ARH Scholars Fall 2019 Winner: Montana Blair
Twice a year, students from across the region are invited to apply for the Appalachian Regional Healthcare (ARH) Scholars program. The ARH Scholars are awarded a $5,000 academic scholarship to pursue a degree in healthcare. Their stories are unique, but a common thread unites every winner: a desire to make a difference to the people of Appalachia through healthcare. The Fall 2019 class of ARH Scholars included ten talented future healthcare providers, like Montana Blair.
Montana Blair is finishing up her last semester at Alice Lloyd College as a biology pre-med student. She has already been accepted to the University of Pikeville College of Osteopathic Medicine, and is starting classes at UPIKE this summer, with the goal of graduating as a Doctor of Osteopathic Medicine in 2024.
Born and raised in Whitesburg, Montana learned the importance of an education from her parents: “Growing up as a coal miner’s daughter, my family and I faced times of financial uncertainty,” Montana says. “I remember my father getting laid-off a number of times throughout my childhood. At that time, my mom stayed at home, but in order to provide a more secure future for her family, she went back to school and pursued her degree in nursing.”
“I’ve always admired my mom for taking that step, but it wasn’t until I had my son at 19 that I could really appreciate her decision,” Montana continues. “I can remember my mom staying up late at night studying after my sister and I were asleep. Now, I’ve had many of those long nights with my own son, managing a full-time course load, part-time employment, and motherhood all at once.” Montana credits her mother’s example of hard work and dedication for inspiring her to pursue her own goals with such intensity.
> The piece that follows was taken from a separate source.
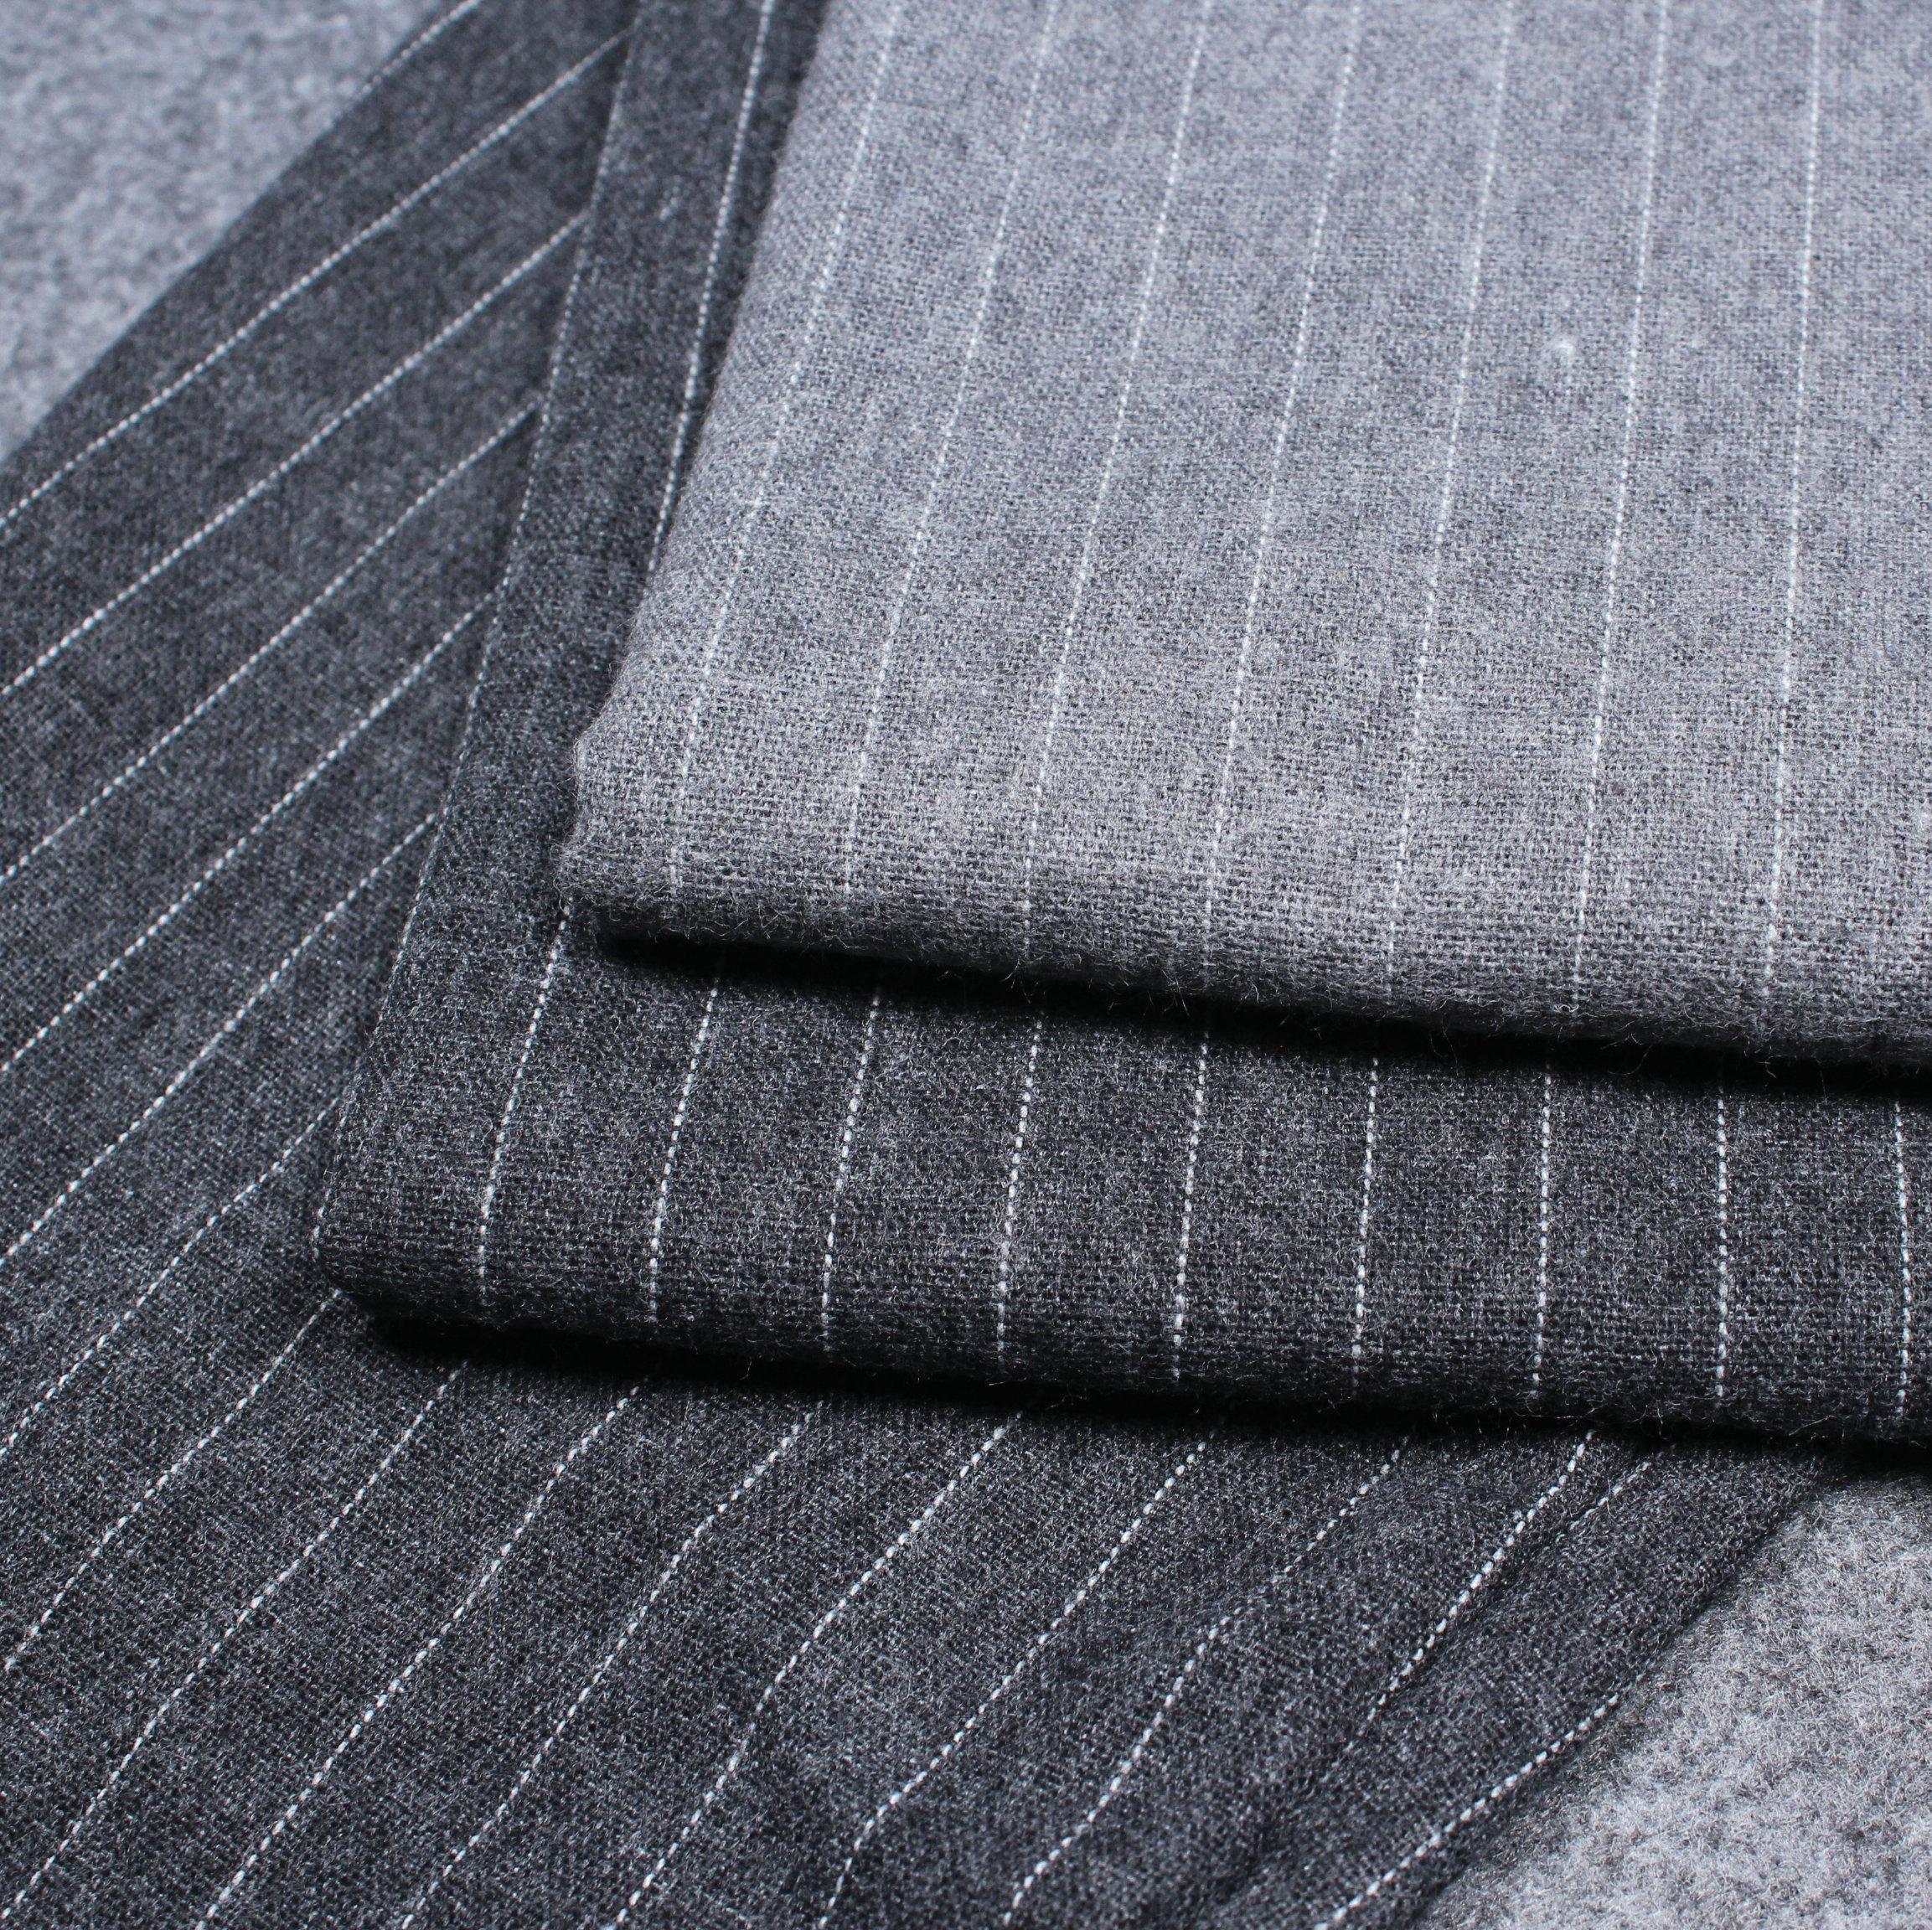 文艺绅士条纹 优质磨毛 纯棉法兰绒布料 春秋衬衫全棉面料
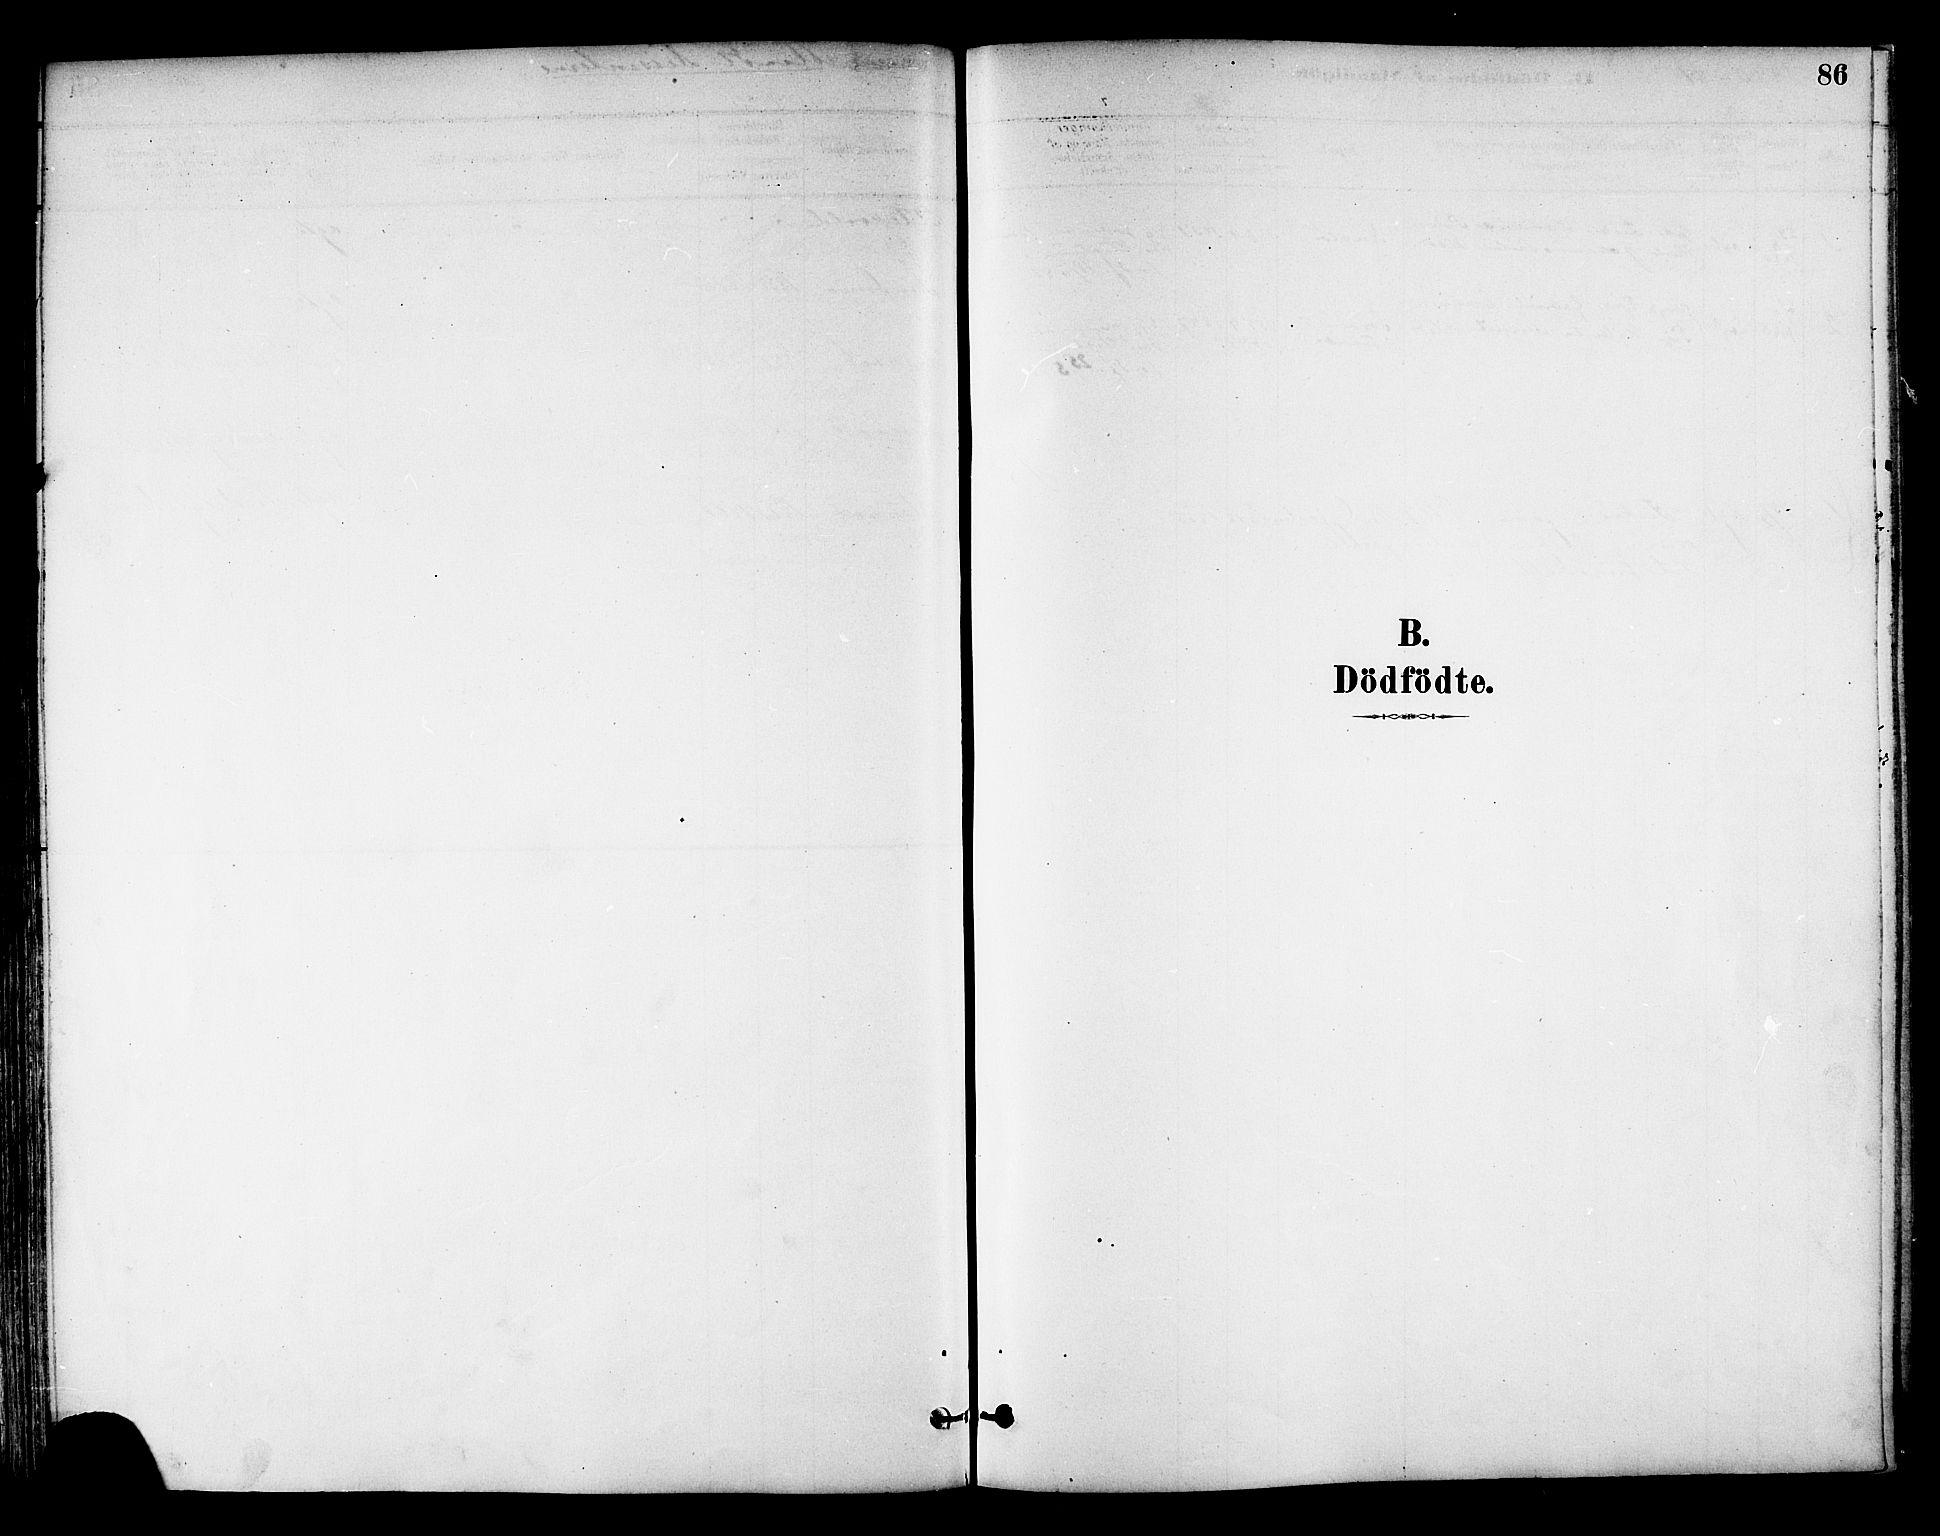 SAT, Ministerialprotokoller, klokkerbøker og fødselsregistre - Nord-Trøndelag, 786/L0686: Ministerialbok nr. 786A02, 1880-1887, s. 86

Having nurses in the family meant that she was always aware of the healthcare industry, but it was when she had knee surgery at age 13 that she really began to think about being a physician. Shortly after that surgery, Montana had the opportunity to attend a summer camp at the Southeast Kentucky Area Health Education Center (AHEC) where, Montana says, her love for medicine really bloomed. She nurtured that burgeoning interest by volunteering in a cuddle care program at a local hospital, where she spent hours comforting babies going through neonatal abstinence syndrome. She also had the opportunity to shadow an orthopedic surgeon, who Montana recalls demonstrating outstanding patient care to a 4th grade patient with an umbilical hernia. “I really admired that doctor’s ability to connect with his patients and their families. I realized that I wanted to have that kind of impact.”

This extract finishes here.